Cell Migration under confinement Workshop 2018

From May 02 to 04 in Douro (Portugal) it was held the Cell Migration under confinement Workshop 2018 with a total of 41 participants from Instituto de Medicina Molecular - João Lobo Antunes (iMM), Institut Curie, DKFZ, The Francis Crick Institute and University College London.

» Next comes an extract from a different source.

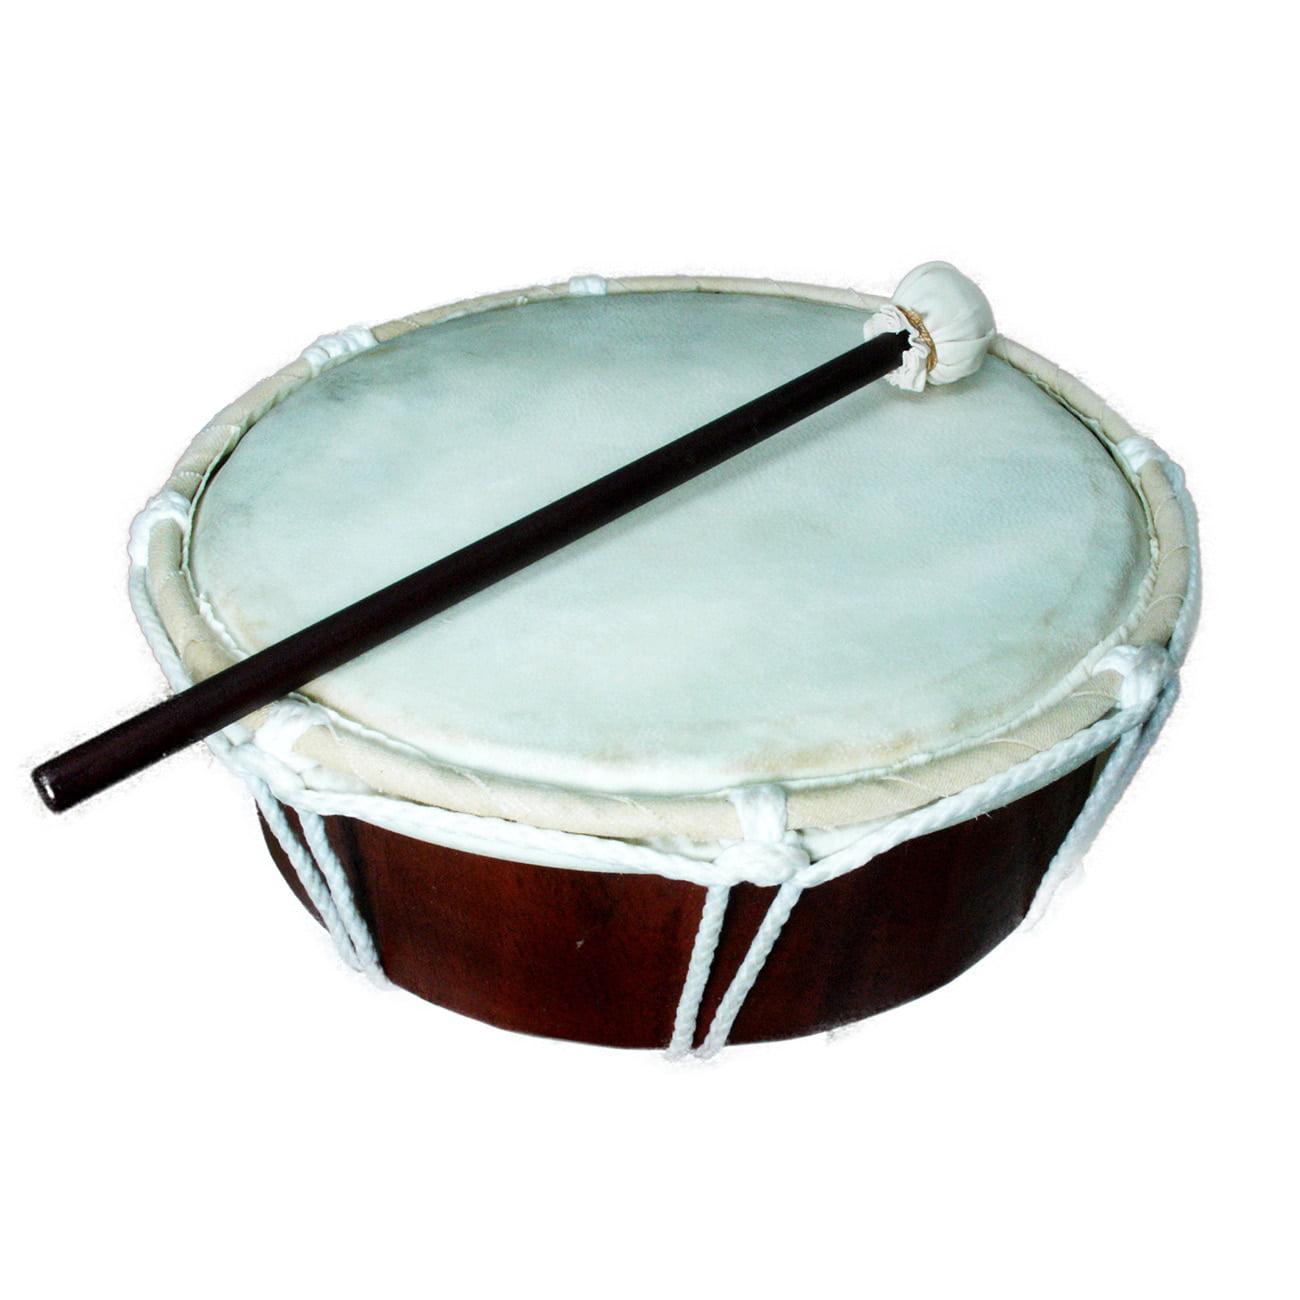 Stoneage Arts Handmade Drum W/Stick Natural (Indonesia)
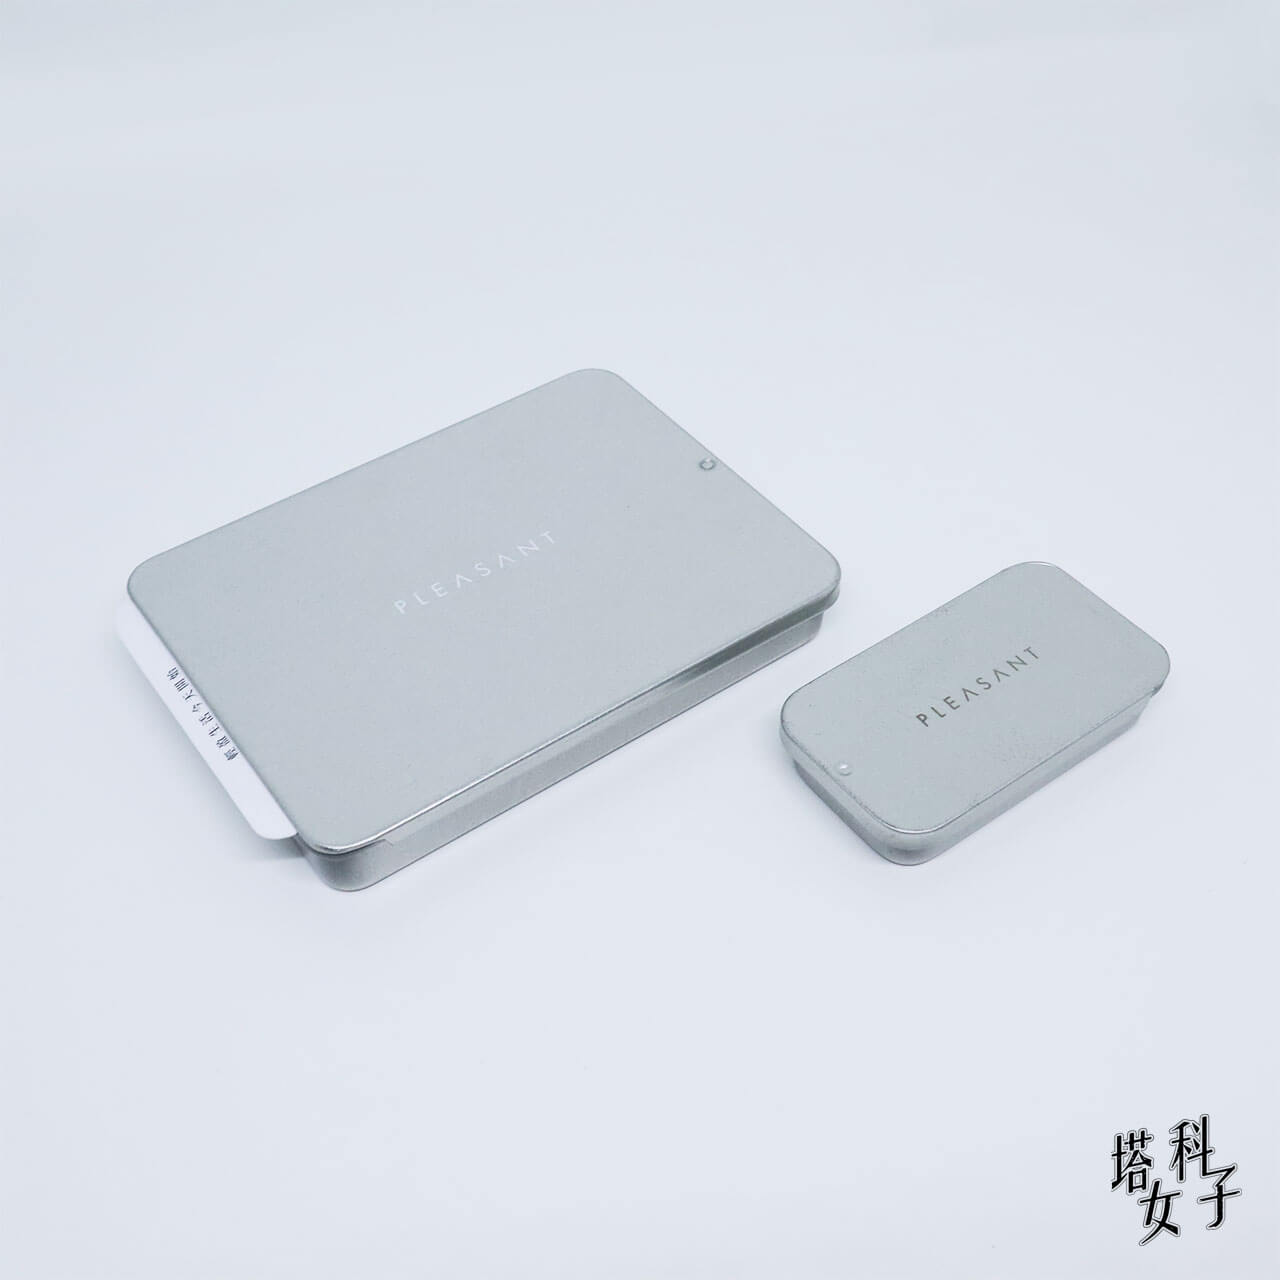 0.7 Wallet 雙面感應卡夾開箱

ReTuBi Lecture - Kristine Schauer

On April 26 of 2018, Kristine Schauer from Institut Curie (France) was the invited speaker as an expert visit with the lecture “Role of actin - and microtubule - dependent motor proteins in Golgi positioning and trafficking”.

Summary of the Lecture:

Many cellular disorders are accompanied by changes in the morphology and positioning of intracellular organelles, yet the functional consequences of organelle alterations are often not clear. The Golgi apparatus is a large and distinctive organelle in mammalian cells constituting the biggest hub of intracellular trafficking at the interface between anterograde and retrograde routes. Although the Golgi apparatus was one of the first organelles to be discovered and observed in detail, the function of its compact structure remains enigmatic. We study cells on bioengineered surfaces of micro-fabricated patterns that provide adhesive cues for defined cell spreading. This approach reduces cell-to-cell variation and mimics space restriction which cells encounter in tissues. We combine this controlled cell culture condition with precise quantification of organelle positioning using a density-based imaging approach. We have previously shown that the Golgi apparatus has a characteristic, well-defined, stable and reproducible organization in micropatterned cells. Because morphology and spatial positioning of organelles are regulated by the cytoskeleton and molecular motor proteins, we are interested in the role of motors at the Golgi. We have used our density-based approach on micropatterns to screen for actin-dependent myosins and microtubule-based kinesins that alter the morphology of the Golgi apparatus. We have identified Myo1C and Kif5B as critical players and have further characterized their role in Golgi positioning, trafficking and cell function. Our analysis will be helpful to understanding the molecular mechanisms underlying intracellular changes associated with cellular pathogenesis such as cancer.